Fully Funded PhD in Industrial Data Analytics: Oklahoma State University (OSU) is one institution seeking a single highly motivated PhD student who will receive a fully funded doctoral position starting in Fall 2026 with the School of Industrial Engineering and Management.
The chosen student will be part of the research team led by Dr Akash Deep and be involved in the development of data-driven approaches to smart and connected systems. This is the job of a lifetime because the applicant would enjoy working at the crossroads of industrial engineering, machine learning, optimization, and intelligent decision systems.

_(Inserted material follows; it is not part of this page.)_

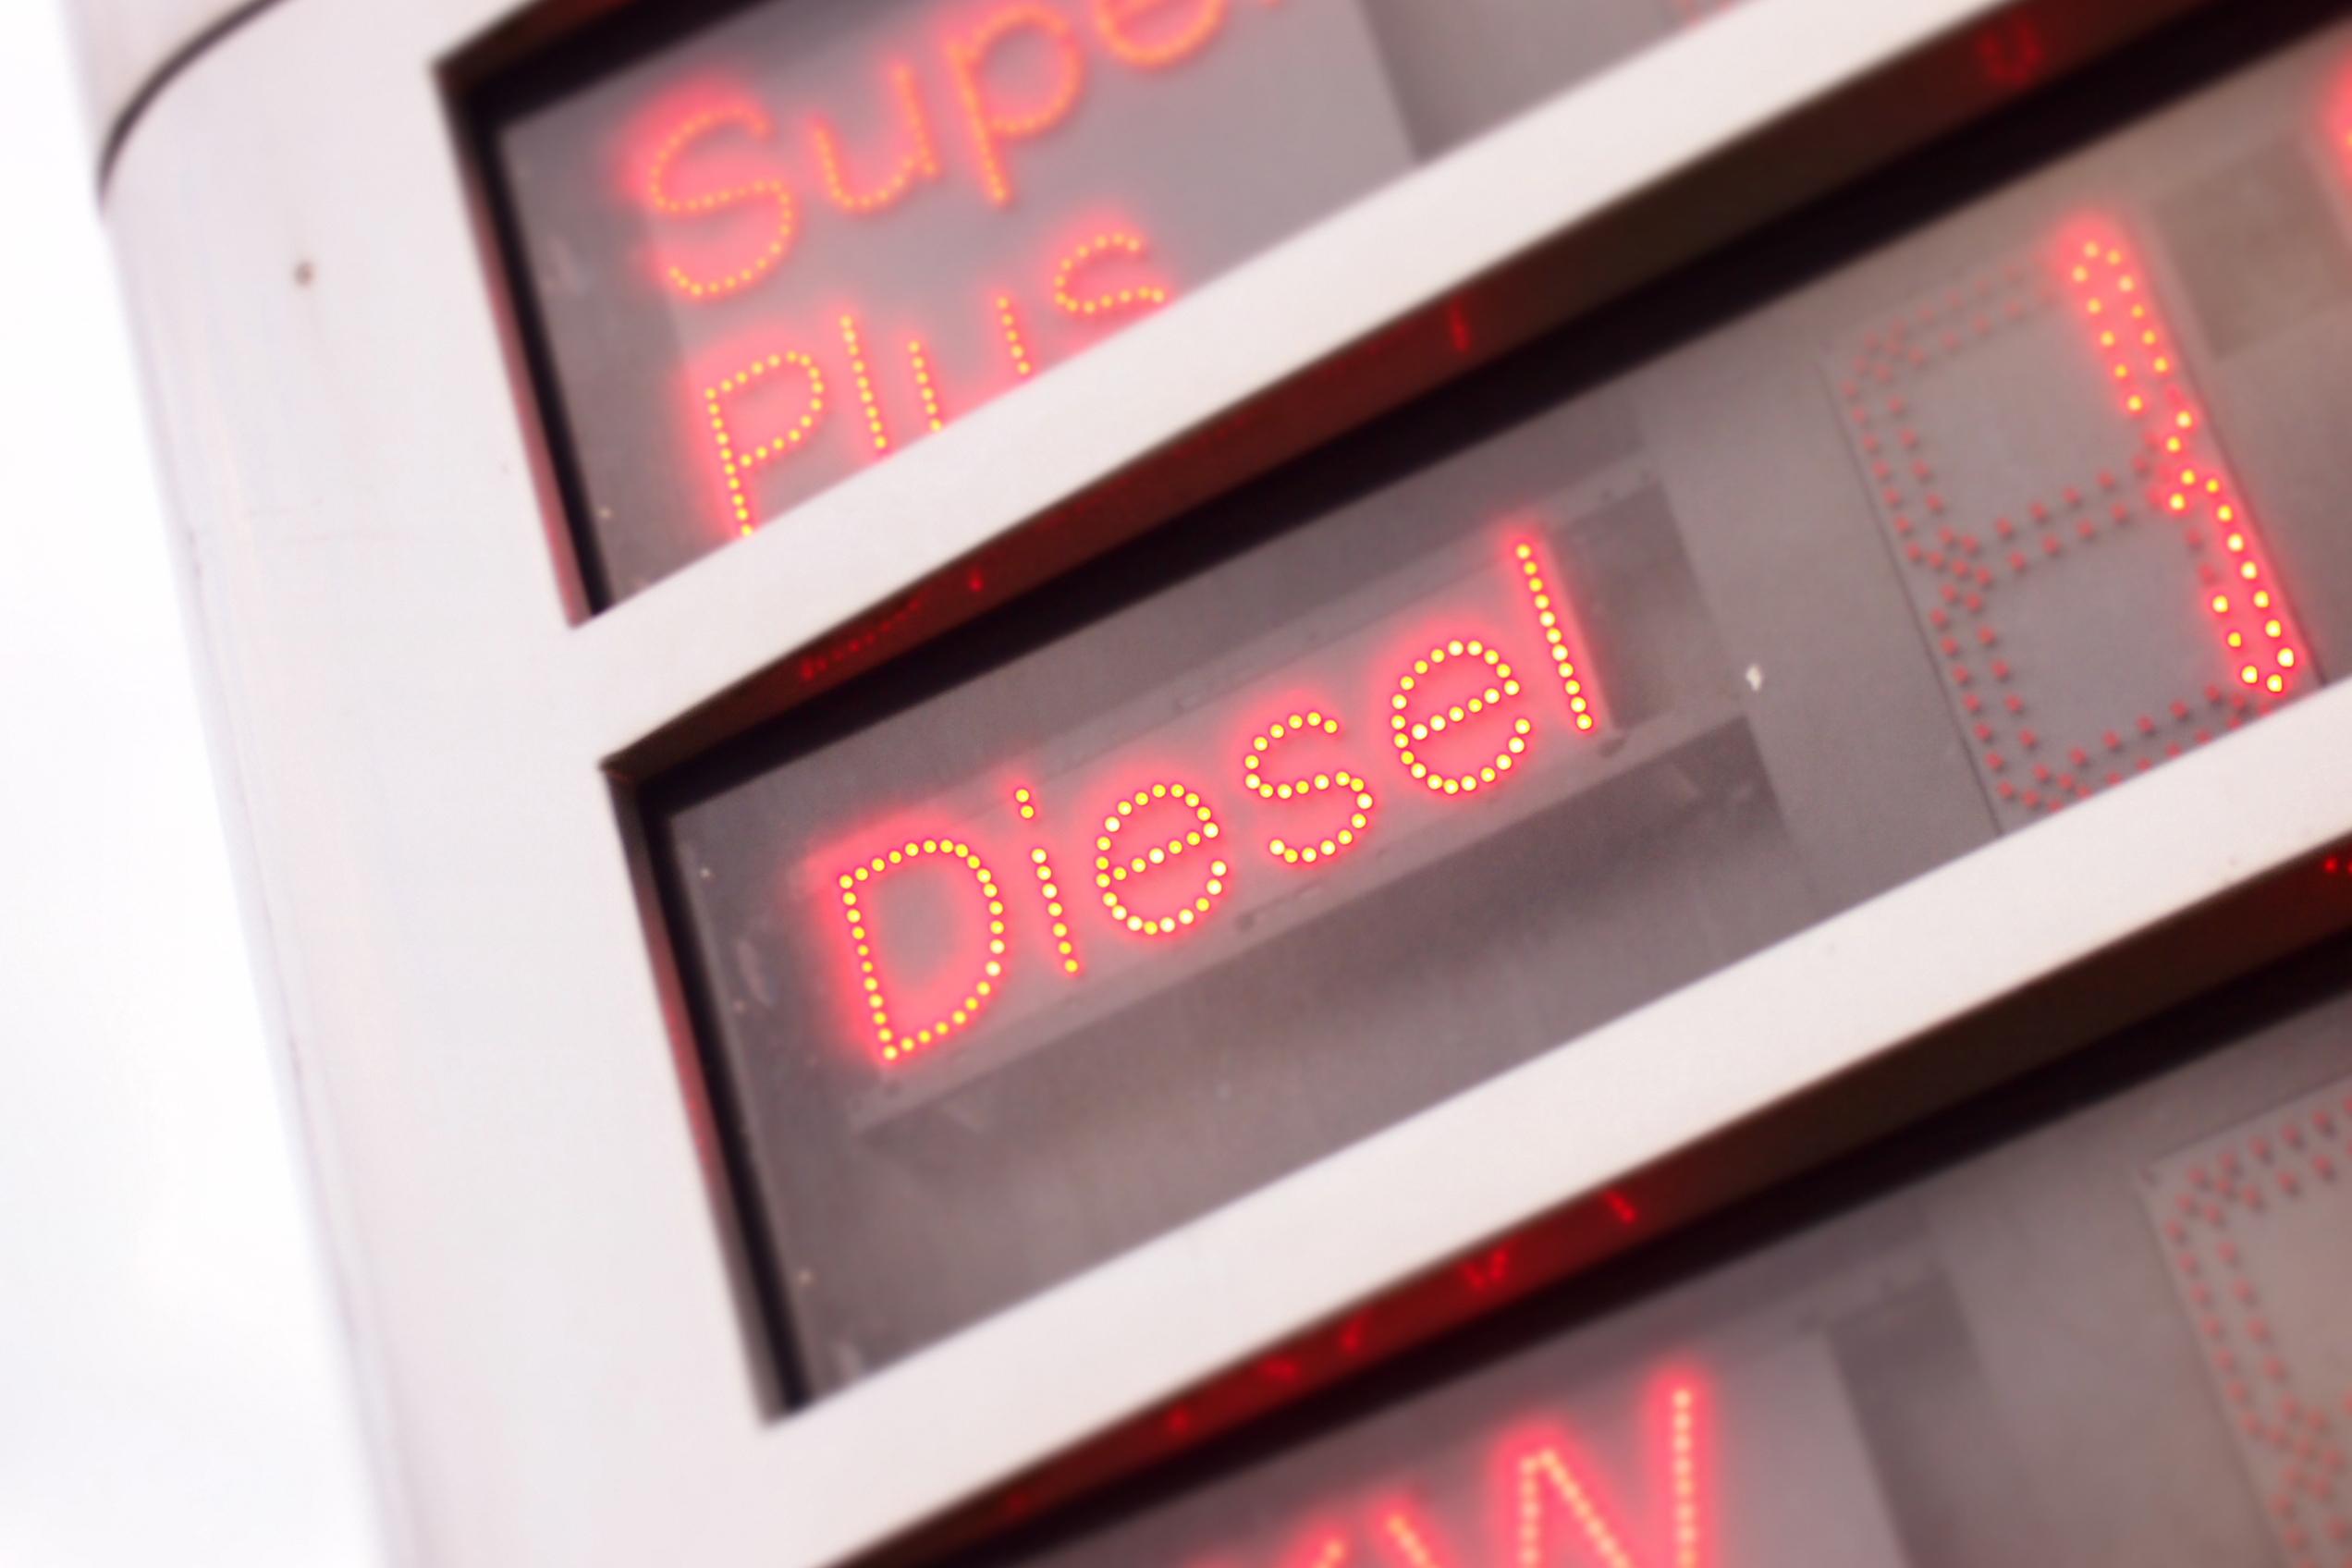 Schriftzug Diesel an Tankstelle

Why Pursue a PhD in Industrial Data Analytics at OSU?
Full Financial Support: The PhD position is fully funded, as it includes a stipend and tuition. Students are able to dedicate all their attention to the development of research, publication, and professional development.
Research on High Impact Topics: The study addresses a couple of emerging fields, such as surrogate modeling, machine learning, Bayesian optimization, active learning, and meta learning.
NSF Project Participation: The student will be engaged in an active NSF-funded project, which would allow the student to get experience in competitive research, large-scale models, and scientific dissemination.
Research Collaborative and Mentorship: In a department, students in this program conduct research directly with Dr. Akash Deep in an intensive research collaborative/mentorship.
Well-known University: The Industrial Engineering and Management program at OSU has a long history of success in research in the area of operations, analytics, and engineering systems.
Position Description – Fully Funded PhD in Industrial Data Analytics
The chosen student will receive a PhD in Industrial Engineering and focus the research on smart and connected systems, data-driven approaches.
The student role encompasses (but is not limited to) the followingl:
- Surrogate Modeling: Innovation of computing models to have a computationally efficient model that can approximate a complex system, so that faster analysis and optimization can be done.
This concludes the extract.